More than 900 Palestinians have died, including 277 children and 95 woman, since the Israeli operation began on December 27 and there are fears that any push into urban areas could cause even greater casualties.
The Israeli military said air raids were carried out on at least 25 targets across the Gaza Strip including groups of Palestinian fighters, rocket-launching sites and smuggling tunnels in the southern Rafah area.
The homes of Hamas leaders, which Israel said contained weapons stores, were also hit.
"The army achieved in 16 days what no other country in the world fighting terror has done in 16 years," Shimon Peres, the Israeli president, said on Monday.
"The IDF [Israeli Defence Force] is making great achievements in terms of caution and operations in Gaza. It must continue that way."
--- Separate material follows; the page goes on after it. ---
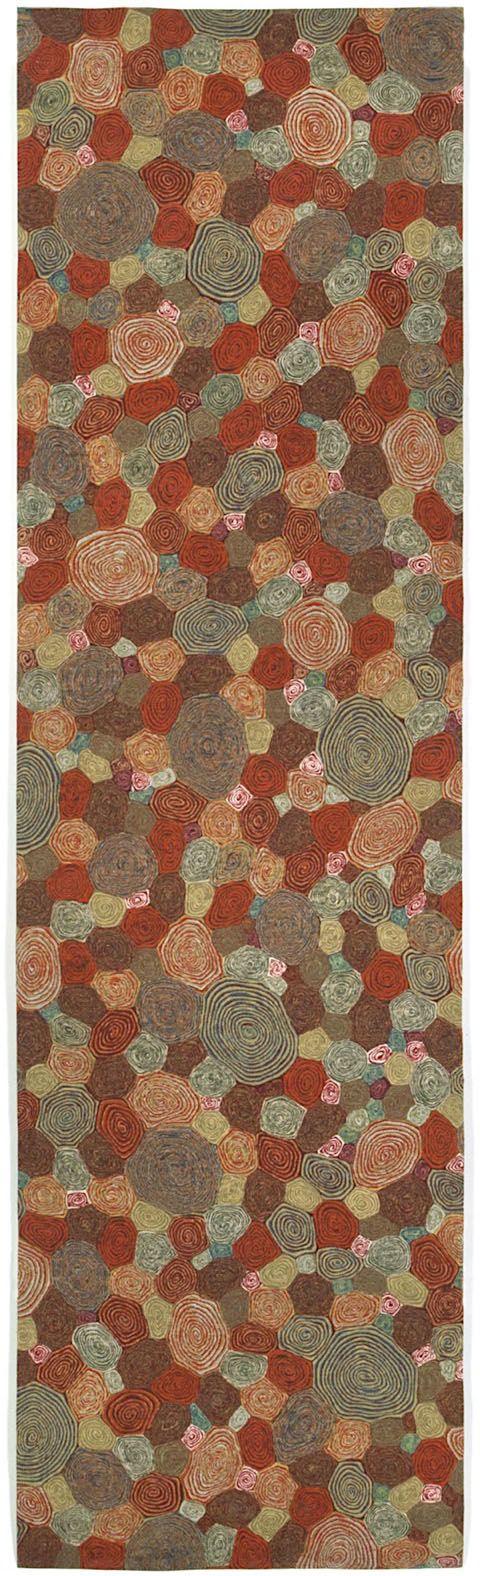 trans ocean visions iii contemporary area rug collection

However, Palestinian fighters have continued to fire rockets across the border into southern Israel, despite the stated aim of the offensive being to end these attacks, and Hamas said it would continue to battle Israeli troops inside Gaza.
"The Palestinian resistance is standing steadfast on the battlefield as it is in the political arena," Khaled Meshaal, Hamas's exiled political leader, said.
"The resistance cannot be broken in the face of the Israeli aggression, nor can our resolve despite the deep wounds, the great pains, the massacres, the destruction, the punishments and mass killings."
Thirteen Israelis have been killed since the offensive began, including three civilians hit by rocket fire.
Ehud Olmert, Israel's prime minister, said that the military operation would end once Hamas's military wing halted its rocket attacks.
"We want to end the operation when the two conditions we have demanded are met: ending the rocket fire and stopping Hamas's rearmament. If these two conditions are met, we will end our operation in Gaza," he said in the southern town of Ashkelon.
"Anything else will meet the iron fist of the Israeli people, who are no longer ready to tolerate the Qassams."
Amos Gilad, a senior Israeli official, was expected to attend talks on an Egyptian ceasefire plan on Monday, but delayed his visit in what Israeli radio speculated was meant as a pressure tactic on Hamas.
The three-point plan calls for an immediate truce to allow humanitarian aid into Gaza, talks on opening Gaza's crossings and taking steps to stops weapons smuggling, and relaunching Palestinian reconciliation efforts.
|Gaza's hospitals are struggling to cope with the nearly 4,000 Palestinians injured [AFP]
Salam Fayyad, the Palestinian prime minister whose remit is limited to the West Bank, has said that the Egyptian initiative offers the best hope of peace.
"Not accepting the Egyptian initiative should not be an option," he said. "He who refuses, voices reservations or moves slowly on this initiative bears the responsibility of explaining themselves, especially to the people of Gaza."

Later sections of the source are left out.